For her part, Barbara Beno, president of the accrediting commission, argued in a statement issued on Friday that “Judge Karnow essentially found that the ACCJC did not do anything wrong” with respect to the college’s accreditation. Her statement listed several accusations against the commission that the judge did not uphold, including assertions that she had improperly influenced the college’s evaluation team or that the commission had based decisions on factors not spelled out in its accrediting standards.
Judge Karnow plans to issue a final ruling after hearing from lawyers for the city and the commission, which have until February 3 to respond.
Business Considerations
The city’s lawsuit hinged entirely on assertions that the ACCJC’s actions had violated California’s unfair-competition law, which seeks to protect consumers and businesses from wrongful business conduct. Judge Karnow described as apparently unprecedented the city’s use of that law to challenge an accreditor’s actions.
The ACCJC argued that the unfair-competition law did not apply to it because it is a nonprofit organization, it does not compete in a commercial market, and its accreditation activities should not be thought of as business-related conduct.
Judge Karnow, in allowing the lawsuit to proceed, held that he would have agreed with the ACCJC if the state law sought only to protect business competition, but the law’s other goal of protecting consumers made it applicable in this case. In Friday’s decision, he said: “Because ACCJC receives compensation to provide accreditation reviews, including the one at issue here, and maintains a paid full-time support staff to facilitate the provision of accreditation services, the conduct at issue in this case can properly be described as a ‘business’ practice.”

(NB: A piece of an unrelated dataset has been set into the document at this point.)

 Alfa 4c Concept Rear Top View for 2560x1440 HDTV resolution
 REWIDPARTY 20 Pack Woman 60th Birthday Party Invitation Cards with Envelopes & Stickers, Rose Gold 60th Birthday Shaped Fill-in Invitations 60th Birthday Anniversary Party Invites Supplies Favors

Judge Karnow also rejected the ACCJC’s argument that the federal law that provides for federal recognition of accreditors and gives weight to their decisions precludes third-party challenges to those decisions by making no mention of them.
Among the federal regulations the judge found the accrediting commission to have violated, he said it had failed in 2013 to include enough academics on an evaluation team for the college, neglected to provide the college with a detailed written report clearly defining its deficiencies, and did not give the college sufficient opportunity to respond to deficiencies identified by the commission but not the evaluation team.
Both the city and the U.S. Education Department had asserted that a conflict of interest was created by the presence of Laney College’s president, Peter Crabtree—the husband of Ms. Beno, the ACCJC’s president—on the accreditation team evaluating the college. Judge Karnow, while finding no evidence directly establishing such a conflict, concluded that the ACCJC had nonetheless violated the state’s unfair-competition law by not taking adequate steps to prevent conflicts of interest or their appearance in selecting its commission and evaluation-team members.